Why is it always `HASH( salt + password )` that we recommend?

Question

Browsing over this site, many forums, online articles, there's always one specific way we're suggesting to store a password hash:

function (salt, pass) {
   return ( StrongHash(salt + pass) );
}

But why this exact way? Why aren't we suggesting to do this?

function (salt, pass) {
   return (StrongHash(( StrongHash(salt) + StrongHash(pass) ));
}

Or even something like this?

function (salt, pass) {
   var data = salt + pass;
   for (i=0;i < 1000; i++) {
       data += StrongHash(salt + data)
   };
   return (data);
}

Or some other crazy combination? Why are we specifically saying hash the concatenation of the raw salt and the raw password? The hash of both being hashed seems to be a fairly high-entropy alternative, as does hashing 1000 times as per my third example. Why don't we hash the first one a few more times for entropy's sake?

What's so amazing about the first way?

By request, examples of this:

Where are you seeing that advice here?

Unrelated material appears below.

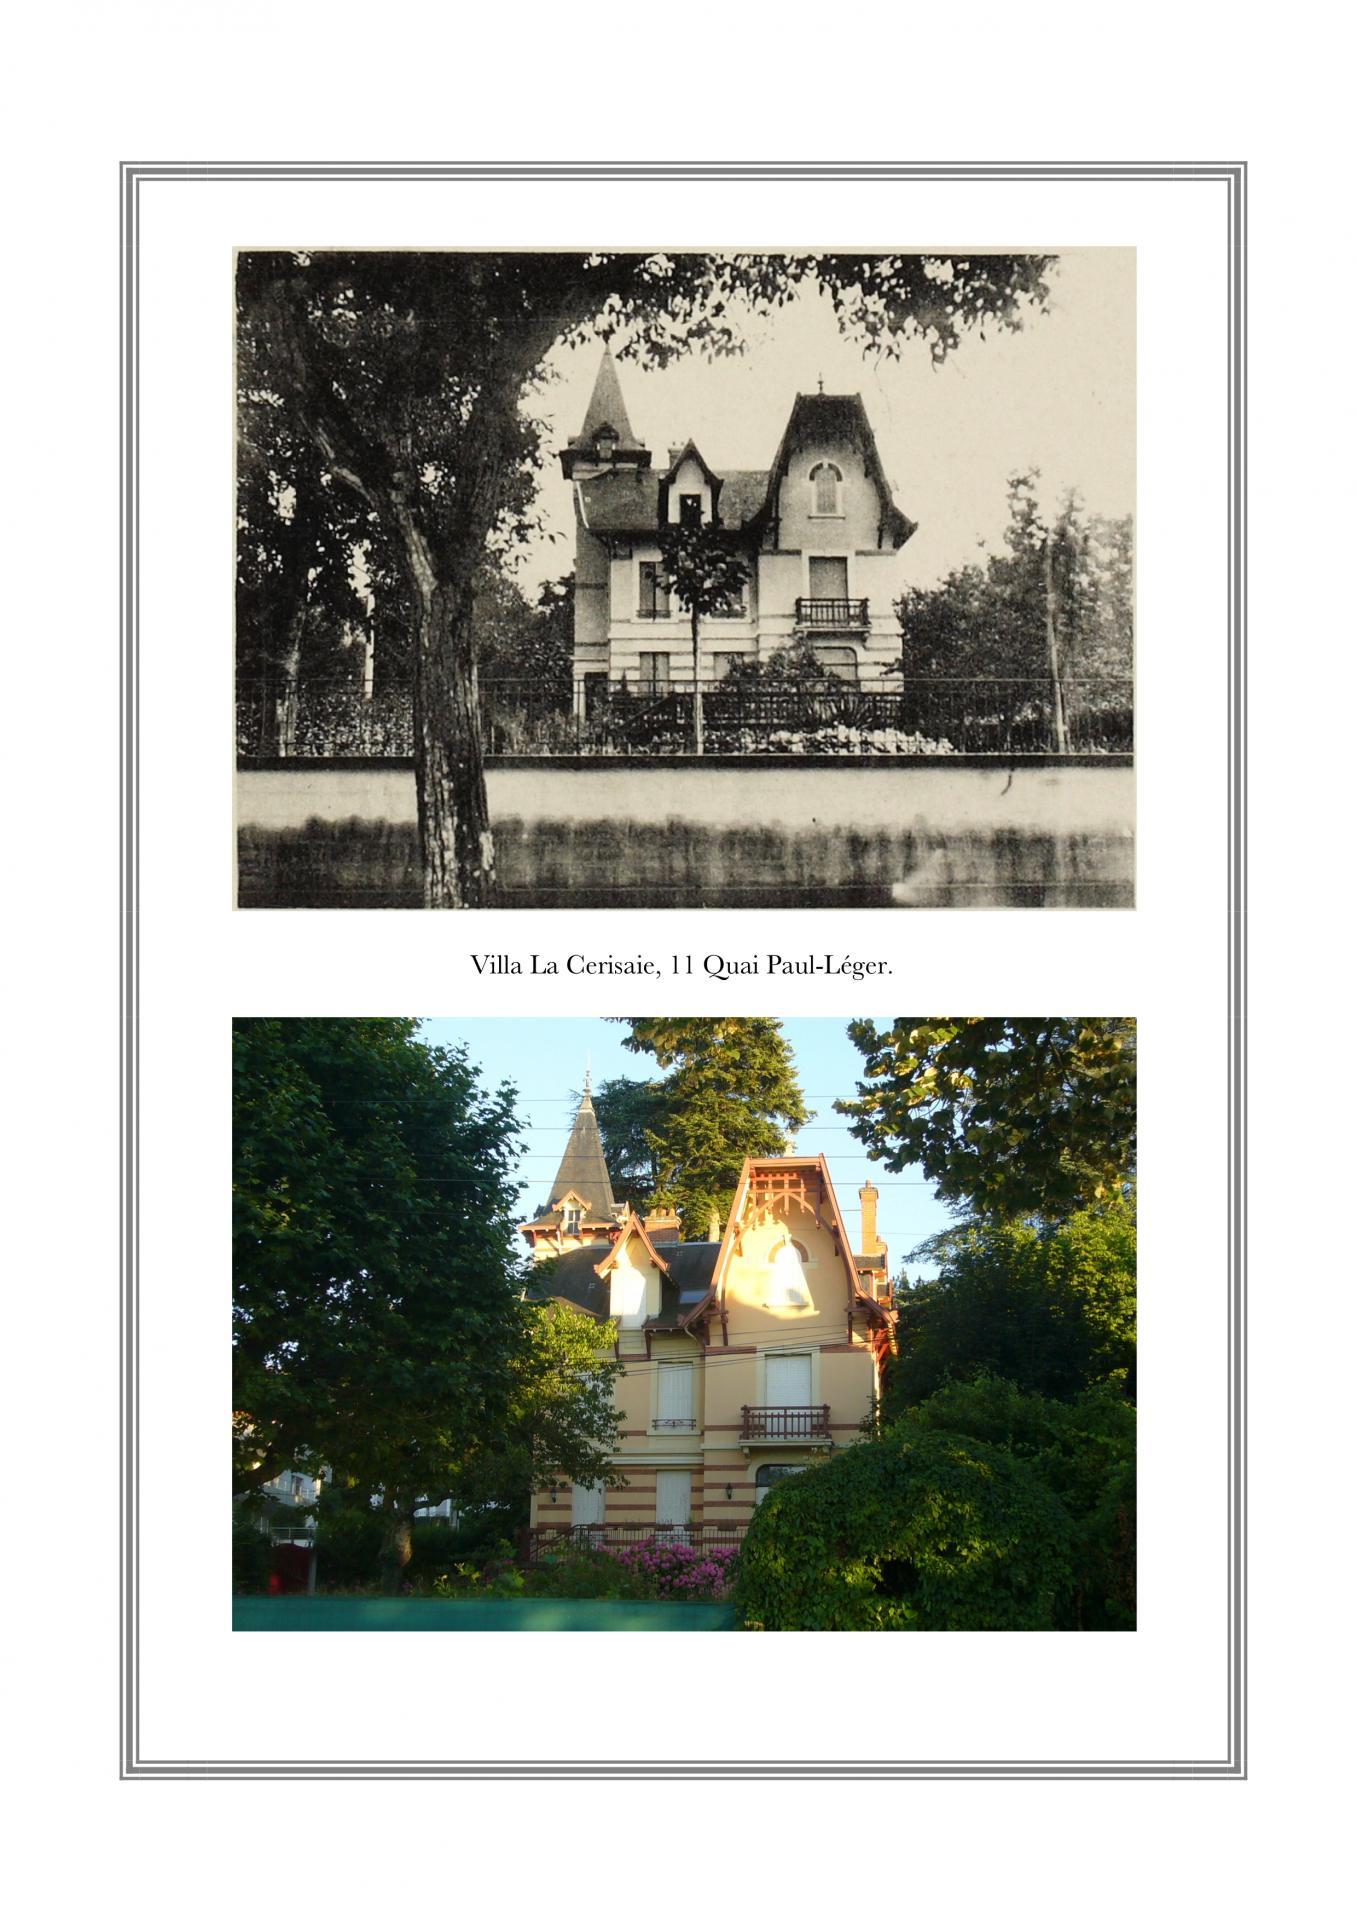 Villa La Cerisaie, 11 Quai Paul-Léger

The best question (referred to from the password tag wiki) is [How to securely hash passwords? - IT Security](http://security.stackexchange.com/questions/211/how-to-securely-hash-passwords) — nealmcb, Jun 15 '11 at 15:25
Thanks. I certainly agree that many other sites have horrid advice on password hashing, and many products do it very badly. But on this site, the best answers for the two questions you point to agree with you that the hash needs lots of iterations, as Thomas clarifies. — nealmcb, Jun 15 '11 at 18:02
Doesn't that third example leave the password in plaintext near the start of the output string? Or does `+` mean something other than "concatenate" when used on strings in the language you're using? — Ajedi32, Jan 21 '15 at 14:34
Oops. I thought this was a new question. Thankfully internet resources are a little less bad now than they used to be. Use Argon2id, everyone. If you're worried, then A) Be prepared to update when something better comes along, B) Don't be worried. - Argon2 > scrypt > bcrypt > PBKDF2 . — Future Security, May 10 '19 at 17:07

score 45 · Accepted Answer · edited Oct 07 '21 at 06:47

45

Actually, "we" are not recommending any of what you show. The usual recommendations are PBKDF2, bcrypt or the SHA-2 based Unix crypt currently used in Linux.

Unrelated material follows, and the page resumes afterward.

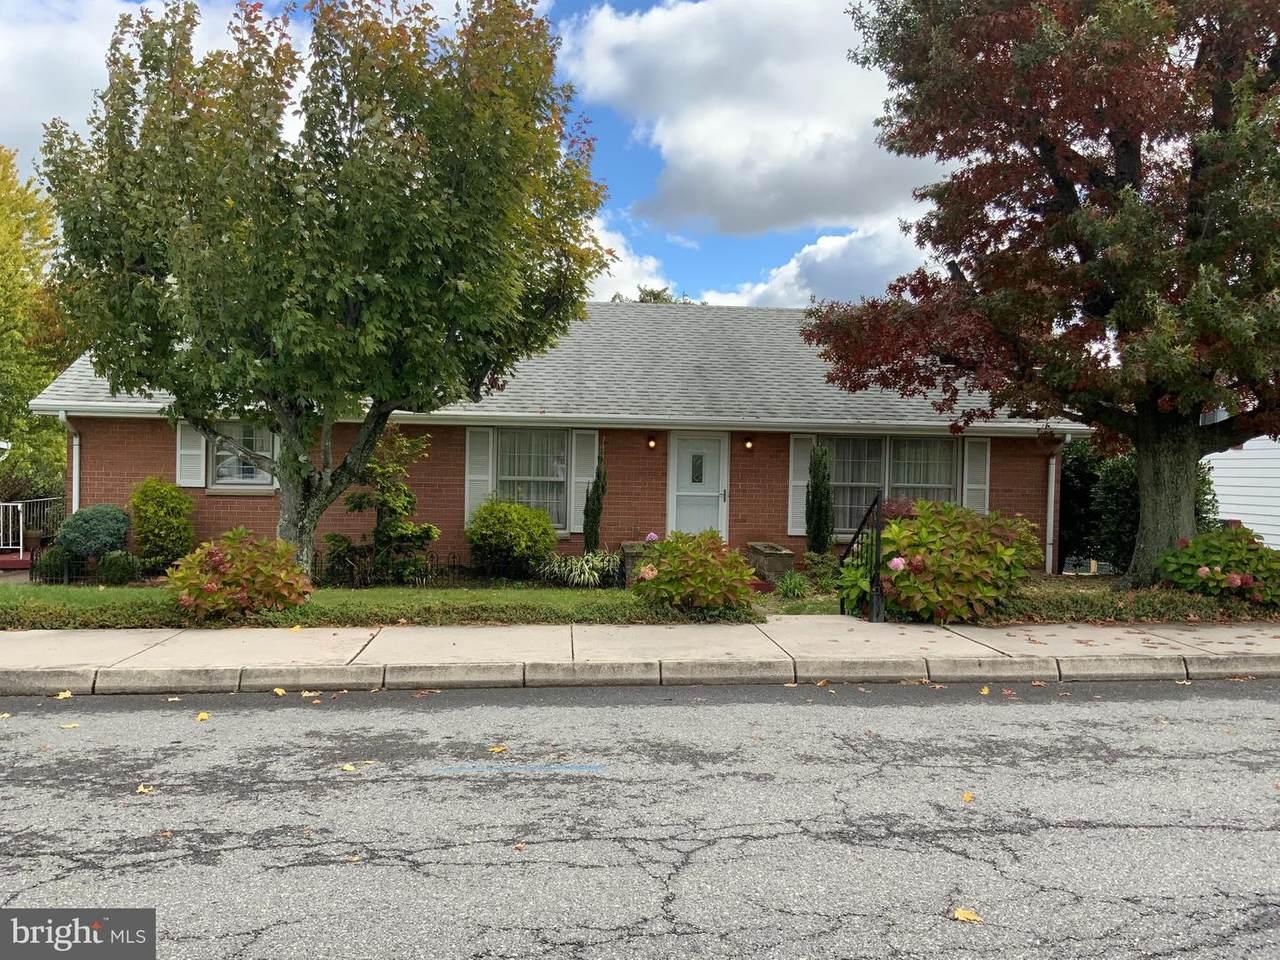 706 Avondale Avenue - Photo 1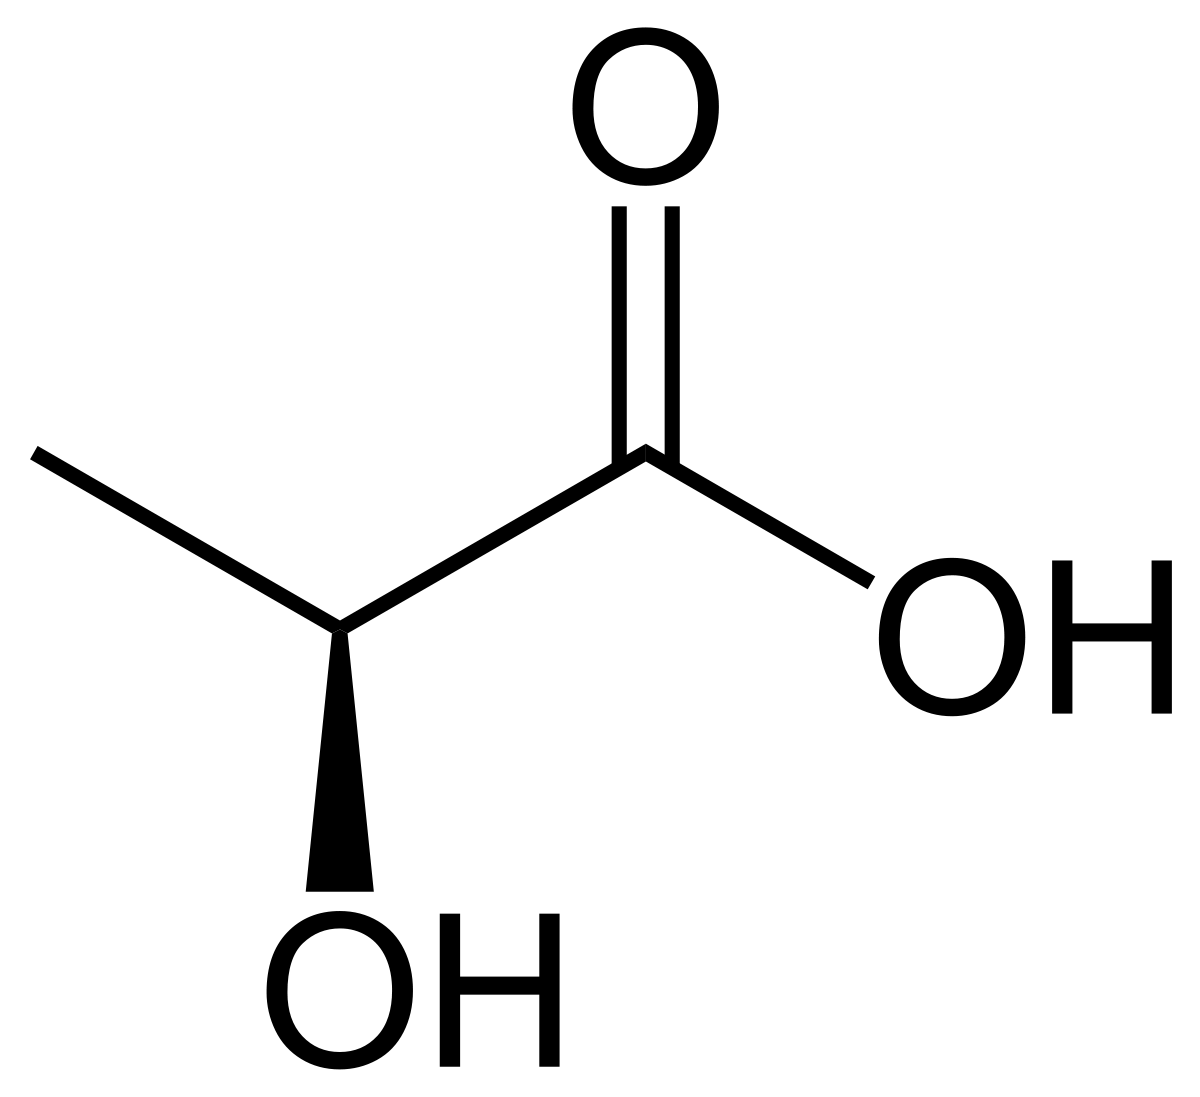 Tẩy da chết hóa học 9

If the hash function you use is a perfect random oracle then it does not really matter which way you input the salt and the password; only matters the time it takes to process the salt and password, and we want that time to be long, so as to deter dictionary searches; hence the use of multiple iterations. However, being a perfect random oracle is a difficult property for a hash function; it is not implied by the usual security properties that secure hash functions must provide (resistance to collisions and to preimages) and it is known that some widely used hash functions are not random oracles; e.g. the SHA-2 functions suffer from the so-called "length extension attack", which does not make them less secure, but implies some care when using the function in funky password-hashing schemes. PBKDF2 is often used with HMAC for that reason.

You are warmly encouraged not to feel creative with password hashing schemes or cryptography in general. Security relies on details which are subtle and which you cannot test by yourself (during tests, an insecure function works just as well than a secure one).

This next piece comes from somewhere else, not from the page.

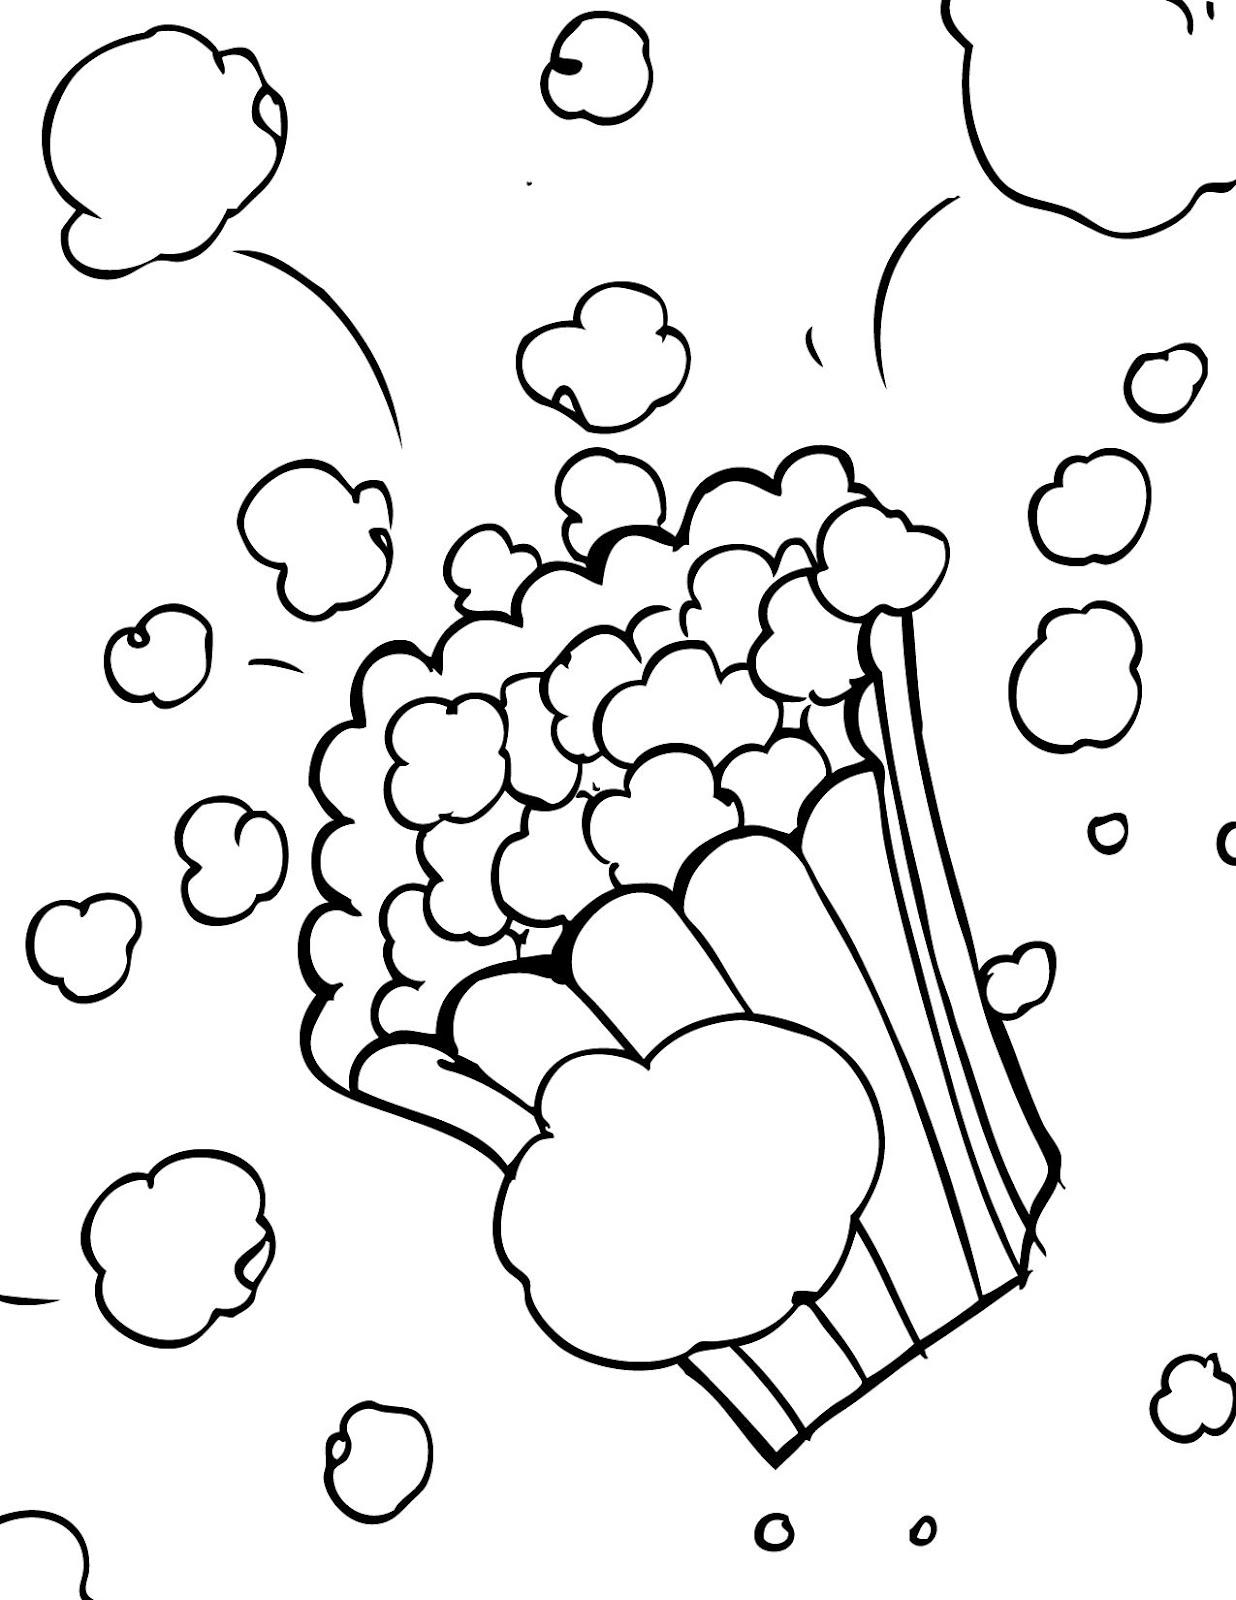 1236x1600 Confidential Popcorn Coloring Sheet Bucket Page

edited Oct 07 '21 at 06:47

Community

1

answered Jun 15 '11 at 14:52

Thomas Pornin

320,799
57
780
949

5

+1, but to be fair `StrongHash()` could very well be a wrapper function for bcrypt et al ;) – AviD Jun 15 '11 at 15:48
1

@AviD that's why I used StrongHash() rather than bcrypt() or sha1() or sha2() or even... uhh, you know, that one digest we treat as a swear word. – Incognito Jun 15 '11 at 17:15
Being a nitpicker here, but your Wikipedia link says it: "No real function can implement a true random oracle."; still +1 because what you intend to say is right and PBKDF2 is always a useful hint and to discourage self-made crypto is never wrong :P – freddyb Jun 15 '11 at 17:20
1

@freddyb: strictly speaking, a random oracle is defined as part of a family of functions; the experience being: I pick one function from the family, and one random function among all possible functions, I give you both and you cannot tell which is which on average with probability better than 0.5. With a given specific hash function, there is only one picking and thus "average" makes no sense. You can distinguish SHA-256 from another function because it outputs the same values than SHA-256. But such details tend to be confusing; the main idea here is: existing hash functions are not ideal. – Thomas Pornin Jun 15 '11 at 18:45
Thomas - In February, you said "PBKDF2 has been published as a KDF and has been analyzed as such. Whether it can be subverted into a password storage mechanism remains to be proven." (http://security.stackexchange.com/questions/2051/is-pbkdf2-based-system-cryptology-rfc2898derivebytes-better-for-unicode-pass). Has PBKDF2 now been proven? – Robin M Oct 25 '11 at 10:25
3

@Robin M: no. I am not sure anybody specifically works on it, and, as a general rule, "not being proven" is the normal state for most cryptographic algorithms. Proofs are _hard_. – Thomas Pornin Oct 25 '11 at 10:36
This also highlights one of the reasons I'm against the frequent use of "we" in programming. – Pharap Oct 28 '14 at 08:22

score 10 · Answer 2 · answered Jun 15 '11 at 16:48

On the two proposed -

function (salt, pass) {    return
    (StrongHash( StrongHash(salt) + StrongHash(pass) ) 
}

There's no bonus here. A hash renders information into something random. So on the first pass, you made two pieces of data into two random strings and then combined two random strings. Why? Security through obscurity offers no benefit. The critical elements of the generally proposed solution are:

combine salt & password so that the salt can provide an added chaos factor for creating a password's hash
one way hash the conglomeration to make a seemingly random string.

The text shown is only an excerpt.